Source data:
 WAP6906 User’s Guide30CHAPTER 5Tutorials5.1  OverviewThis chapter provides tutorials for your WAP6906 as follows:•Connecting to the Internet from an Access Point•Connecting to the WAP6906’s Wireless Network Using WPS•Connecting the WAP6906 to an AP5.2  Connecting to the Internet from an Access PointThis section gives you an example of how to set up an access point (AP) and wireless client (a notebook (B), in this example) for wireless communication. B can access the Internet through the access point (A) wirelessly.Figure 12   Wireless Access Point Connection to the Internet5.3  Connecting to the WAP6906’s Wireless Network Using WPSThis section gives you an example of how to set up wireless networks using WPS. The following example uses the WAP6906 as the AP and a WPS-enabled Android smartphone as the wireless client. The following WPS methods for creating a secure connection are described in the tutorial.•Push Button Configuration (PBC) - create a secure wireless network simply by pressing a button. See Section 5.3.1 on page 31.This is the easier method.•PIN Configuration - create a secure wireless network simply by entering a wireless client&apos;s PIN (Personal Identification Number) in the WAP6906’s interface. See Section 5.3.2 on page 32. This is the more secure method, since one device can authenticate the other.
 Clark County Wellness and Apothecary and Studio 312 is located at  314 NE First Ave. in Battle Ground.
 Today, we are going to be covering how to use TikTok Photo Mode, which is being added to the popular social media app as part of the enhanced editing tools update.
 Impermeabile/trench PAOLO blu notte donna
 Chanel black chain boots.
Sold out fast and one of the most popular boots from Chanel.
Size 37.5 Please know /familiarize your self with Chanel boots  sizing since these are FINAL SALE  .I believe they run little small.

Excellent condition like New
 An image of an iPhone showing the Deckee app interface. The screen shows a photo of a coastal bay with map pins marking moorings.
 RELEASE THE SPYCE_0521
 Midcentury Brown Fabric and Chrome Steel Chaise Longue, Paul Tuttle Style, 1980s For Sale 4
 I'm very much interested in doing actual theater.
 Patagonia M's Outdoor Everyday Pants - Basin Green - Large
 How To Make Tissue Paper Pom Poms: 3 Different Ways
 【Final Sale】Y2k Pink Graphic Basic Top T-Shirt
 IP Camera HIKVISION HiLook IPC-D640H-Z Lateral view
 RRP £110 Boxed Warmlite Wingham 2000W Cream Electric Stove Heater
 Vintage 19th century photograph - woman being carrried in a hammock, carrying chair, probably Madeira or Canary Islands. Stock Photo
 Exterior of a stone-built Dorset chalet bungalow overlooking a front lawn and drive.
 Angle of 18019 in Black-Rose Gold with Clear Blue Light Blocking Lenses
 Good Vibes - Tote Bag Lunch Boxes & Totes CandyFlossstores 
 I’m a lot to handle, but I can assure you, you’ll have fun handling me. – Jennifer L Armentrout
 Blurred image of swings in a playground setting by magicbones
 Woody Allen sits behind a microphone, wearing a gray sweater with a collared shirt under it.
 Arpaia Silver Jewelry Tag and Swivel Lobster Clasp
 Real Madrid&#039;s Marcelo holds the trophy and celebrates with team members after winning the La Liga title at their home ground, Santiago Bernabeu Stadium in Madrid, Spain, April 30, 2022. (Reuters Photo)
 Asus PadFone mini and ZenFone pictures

Task details:
Each record above is to be reproduced exactly, in full.

Result of this task:
 WAP6906 User’s Guide30CHAPTER 5Tutorials5.1  OverviewThis chapter provides tutorials for your WAP6906 as follows:•Connecting to the Internet from an Access Point•Connecting to the WAP6906’s Wireless Network Using WPS•Connecting the WAP6906 to an AP5.2  Connecting to the Internet from an Access PointThis section gives you an example of how to set up an access point (AP) and wireless client (a notebook (B), in this example) for wireless communication. B can access the Internet through the access point (A) wirelessly.Figure 12   Wireless Access Point Connection to the Internet5.3  Connecting to the WAP6906’s Wireless Network Using WPSThis section gives you an example of how to set up wireless networks using WPS. The following example uses the WAP6906 as the AP and a WPS-enabled Android smartphone as the wireless client. The following WPS methods for creating a secure connection are described in the tutorial.•Push Button Configuration (PBC) - create a secure wireless network simply by pressing a button. See Section 5.3.1 on page 31.This is the easier method.•PIN Configuration - create a secure wireless network simply by entering a wireless client&apos;s PIN (Personal Identification Number) in the WAP6906’s interface. See Section 5.3.2 on page 32. This is the more secure method, since one device can authenticate the other.
 Clark County Wellness and Apothecary and Studio 312 is located at  314 NE First Ave. in Battle Ground.
 Today, we are going to be covering how to use TikTok Photo Mode, which is being added to the popular social media app as part of the enhanced editing tools update.
 Impermeabile/trench PAOLO blu notte donna
 Chanel black chain boots.
Sold out fast and one of the most popular boots from Chanel.
Size 37.5 Please know /familiarize your self with Chanel boots  sizing since these are FINAL SALE  .I believe they run little small.

Excellent condition like New
 An image of an iPhone showing the Deckee app interface. The screen shows a photo of a coastal bay with map pins marking moorings.
 RELEASE THE SPYCE_0521
 Midcentury Brown Fabric and Chrome Steel Chaise Longue, Paul Tuttle Style, 1980s For Sale 4
 I'm very much interested in doing actual theater.
 Patagonia M's Outdoor Everyday Pants - Basin Green - Large
 How To Make Tissue Paper Pom Poms: 3 Different Ways
 【Final Sale】Y2k Pink Graphic Basic Top T-Shirt
 IP Camera HIKVISION HiLook IPC-D640H-Z Lateral view
 RRP £110 Boxed Warmlite Wingham 2000W Cream Electric Stove Heater
 Vintage 19th century photograph - woman being carrried in a hammock, carrying chair, probably Madeira or Canary Islands. Stock Photo
 Exterior of a stone-built Dorset chalet bungalow overlooking a front lawn and drive.
 Angle of 18019 in Black-Rose Gold with Clear Blue Light Blocking Lenses
 Good Vibes - Tote Bag Lunch Boxes & Totes CandyFlossstores 
 I’m a lot to handle, but I can assure you, you’ll have fun handling me. – Jennifer L Armentrout
 Blurred image of swings in a playground setting by magicbones
 Woody Allen sits behind a microphone, wearing a gray sweater with a collared shirt under it.
 Arpaia Silver Jewelry Tag and Swivel Lobster Clasp
 Real Madrid&#039;s Marcelo holds the trophy and celebrates with team members after winning the La Liga title at their home ground, Santiago Bernabeu Stadium in Madrid, Spain, April 30, 2022. (Reuters Photo)
 Asus PadFone mini and ZenFone pictures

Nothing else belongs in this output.